Metrology for Cultural Heritage: multispectral 3D models by photogrammetry
This dissertation deals with the metrological validation of a digitalization approach that combines the use of photogrammetry and multispectral imaging (MSI) techniques in the field of
Cultural Heritage. Photogrammetry is a technique that is becoming more and more diffused for the creation of 3D realistic virtual replicas of historical artefacts since it allows
the extraction of three-dimensional information about the geometry and overall appearance of an item from 2D digital images. On the other hand, MSI techniques are widely diffused, since they
allow the detection and identification of the materials used by the artists based on their response to different wavelengths. It is worth noticing that, even if multispectral imaging can
provide useful information with a non-invasive approach, it is usually employed as a two-dimensional technique. Photogrammetry and multispectral imaging are often exploited for the study of
historical artefacts but as separate tools. Nevertheless, the integration of data coming from MSI and photogrammetry can greatly increase the information within a 3D model, combining geometric
and radiometric information and providing a powerful tool to the experts of the field. It is worth noticing that 3D models can be archived for posterity or shared among researchers,
therefore avoiding the acquisition of wrong information from the dimensional point of view is of fundamental importance. However, there is no unique way to assess the dimensional accuracy
of 3D models in the Cultural Heritage field. To address these two issues, this dissertation presents a novel research methodology and experimental setup, that enable the acquisition of
multispectral 3D models, combining the outcomes of photogrammetry and multispectral imaging in a single coordinate system.This approach has been developed together with a specific novel reference object, for application in the cultural heritage field. This has the main aim of being employed as a dimensional reference
for the assessment of the dimensional accuracy of 3D models. In addition, this item integrates several pictorial preparations, with materials historically employed on cultural heritage items, thus it can be used as a multispectral
reference. A metrological characterization of the proposed reference object has been carried out. First of all, a comparison among the information obtained through photogrammetry with different
sets of data, collected by a Coordinate Measuring Machine and a laser scanner, is performed. These techniques measure the geometry of an object with different levels of uncertainty and
therefore they can be used to assess the dimensional accuracy by inter-comparison. In addition, the influence that the selection of different wavelength ranges can have on the quality of a 3D
model reconstruction is investigated. In particular, Infrared Reflected images, acquired within different ranges, are exploited for the construction of a 3D model, in place of traditional
visible images.

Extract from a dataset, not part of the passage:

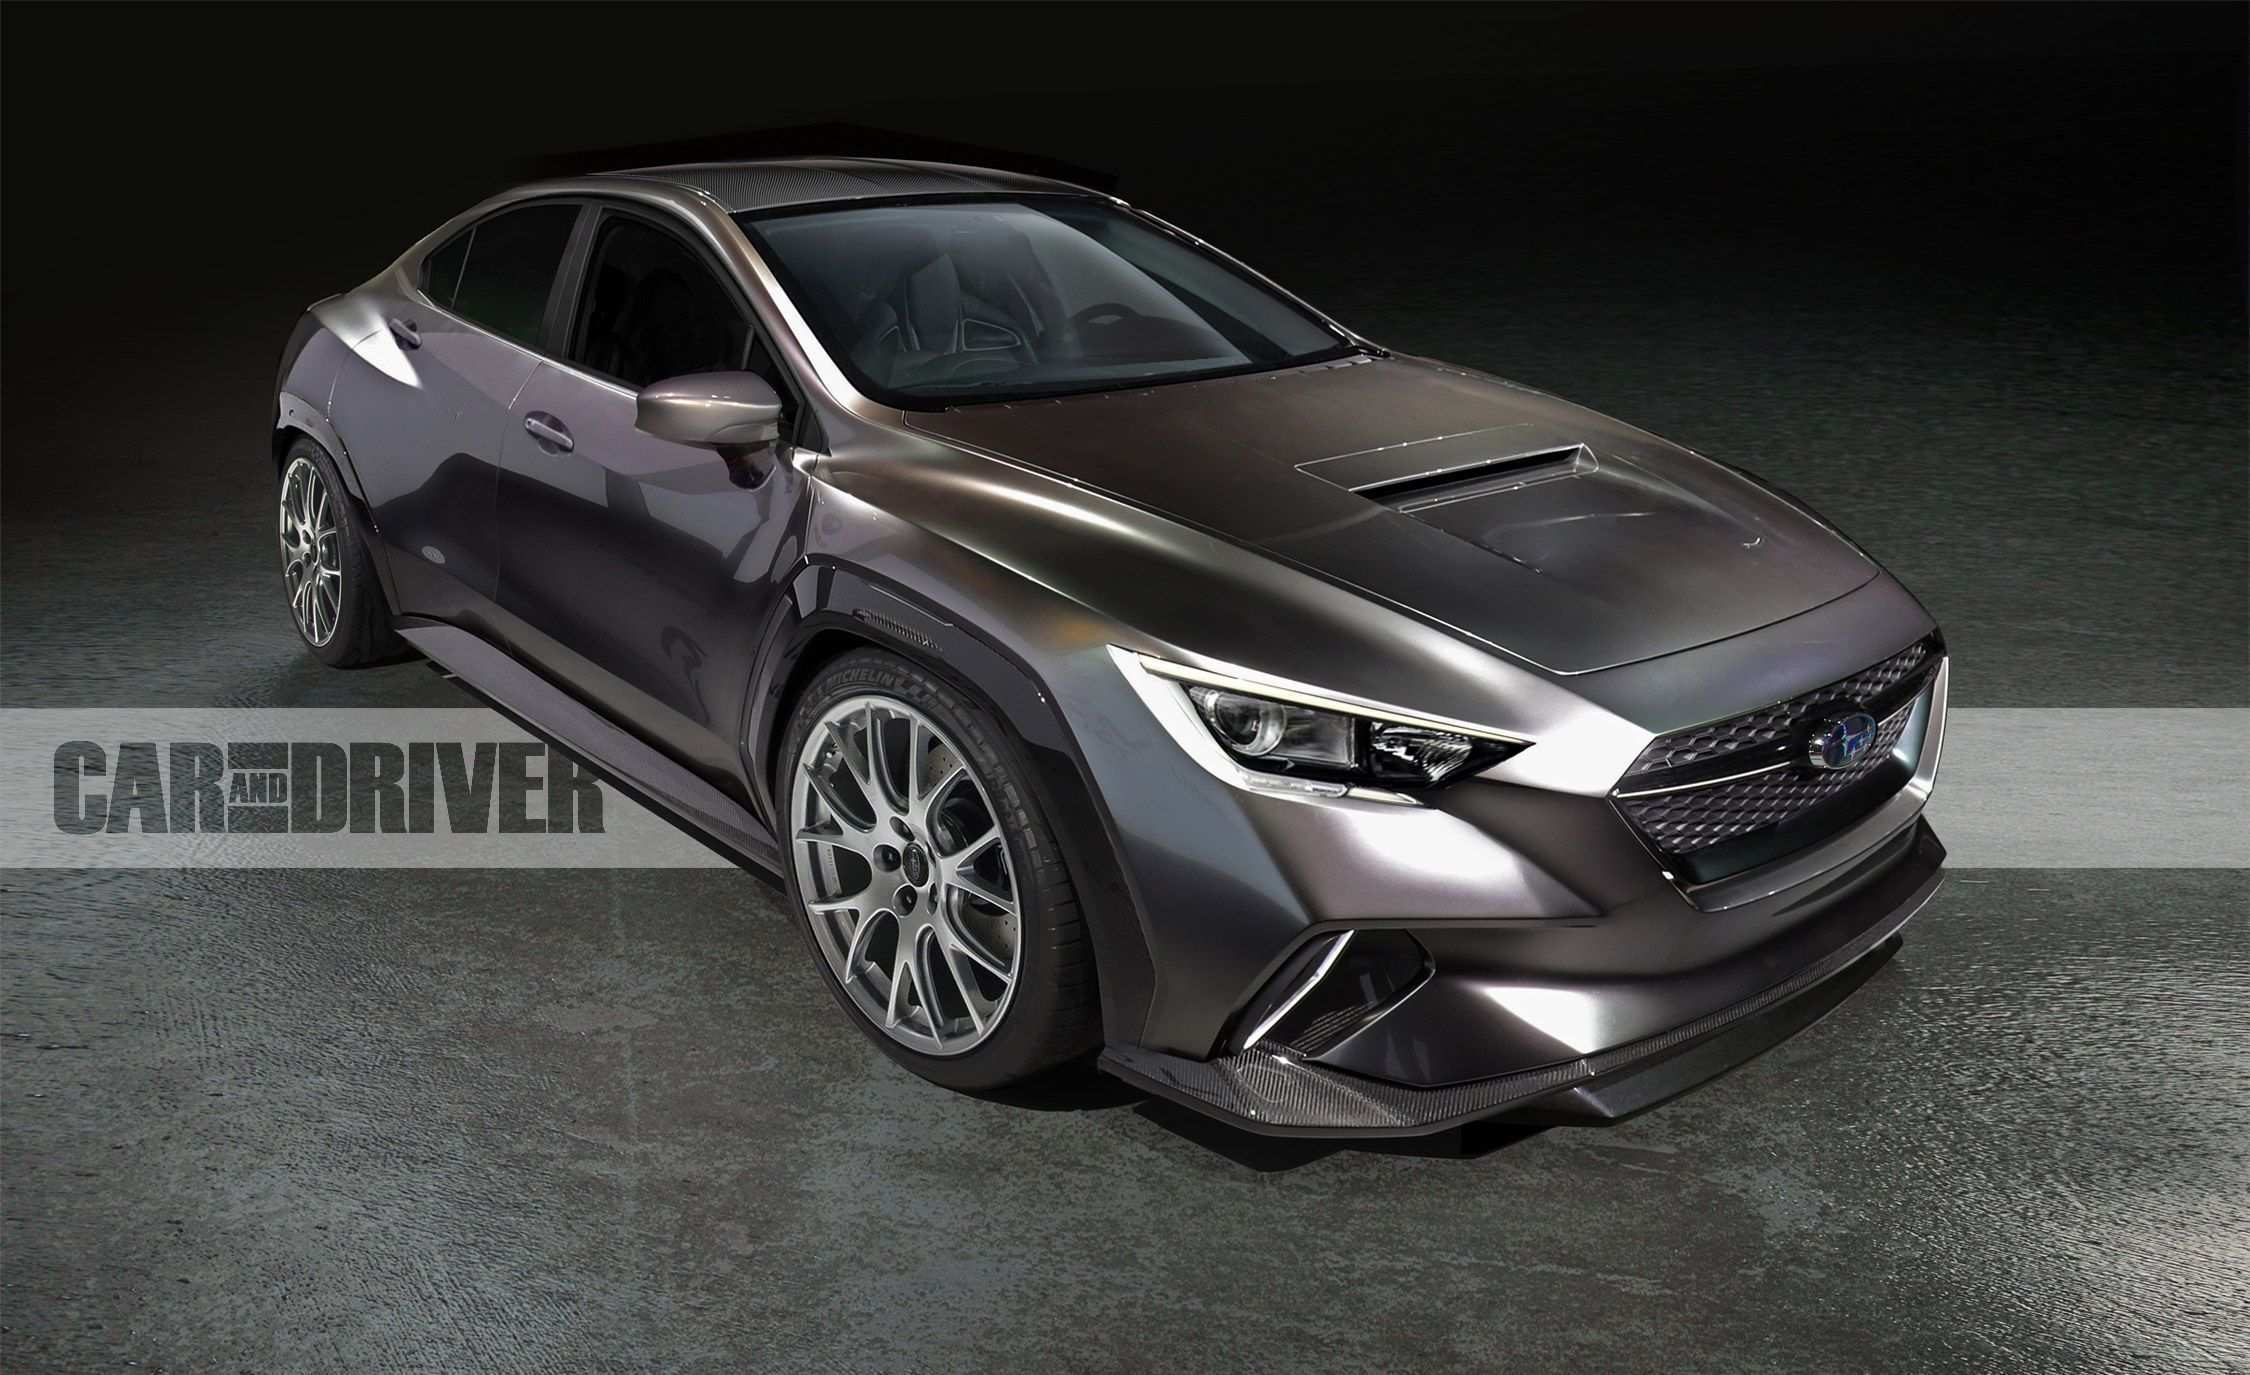 2020 Wrx Review.49 Best Review 2020 Subaru Impreza Wrx Performance And New
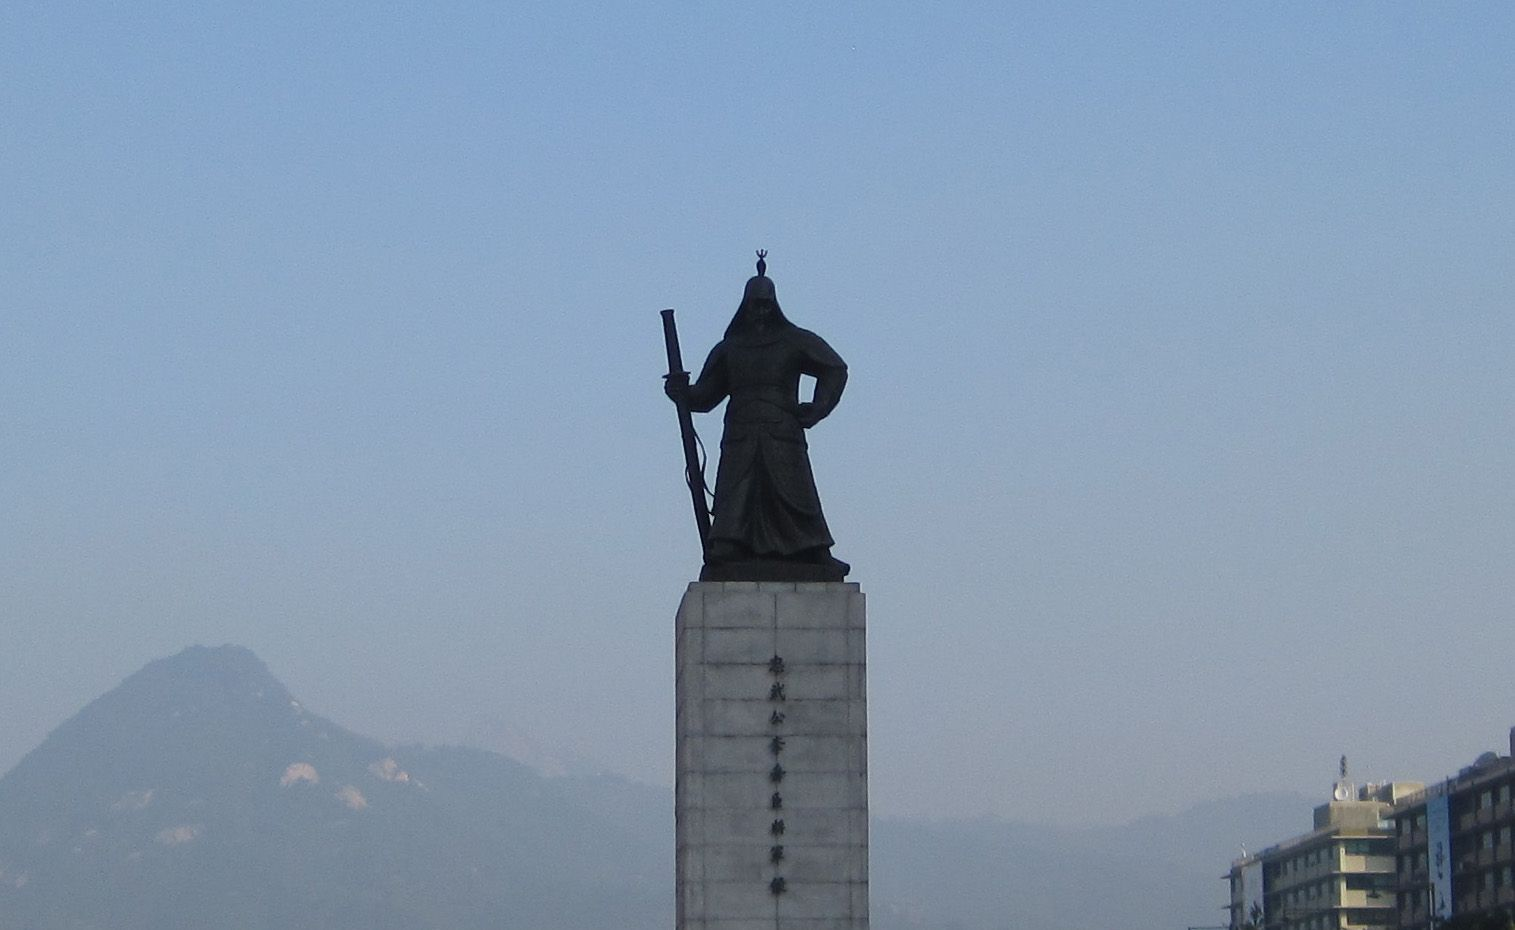 Seoul 서울 , South Korea 대한민국, 大韓民國, City Center

Eventually, the materials employed for the realization of the reference object have been characterized through portable Raman Spectroscopy. In addition, an approach that enables
the registration of both multispectral and geometrical data on a single virtual 3D model has been investigated. A 3D model from traditional visible reflected images is constructed, to extract
geometrical information of an item. Subsequently, these pieces of information are stored and exploited to integrate textures obtained from several multispectral imaging techniques. Eventually,
the approach developed in this dissertation has then been used for the study of different case studies. In particular, some wooden sculptures from the Museo Egizio di Torino have been
investigated, exploiting multispectral 3D models in support of the design of conservation treatments. In addition, photogrammetry has been used for the multi-analytical study of some bronze
sculptures of a private art collection, the Collezione Gori at Fattoria di Celle.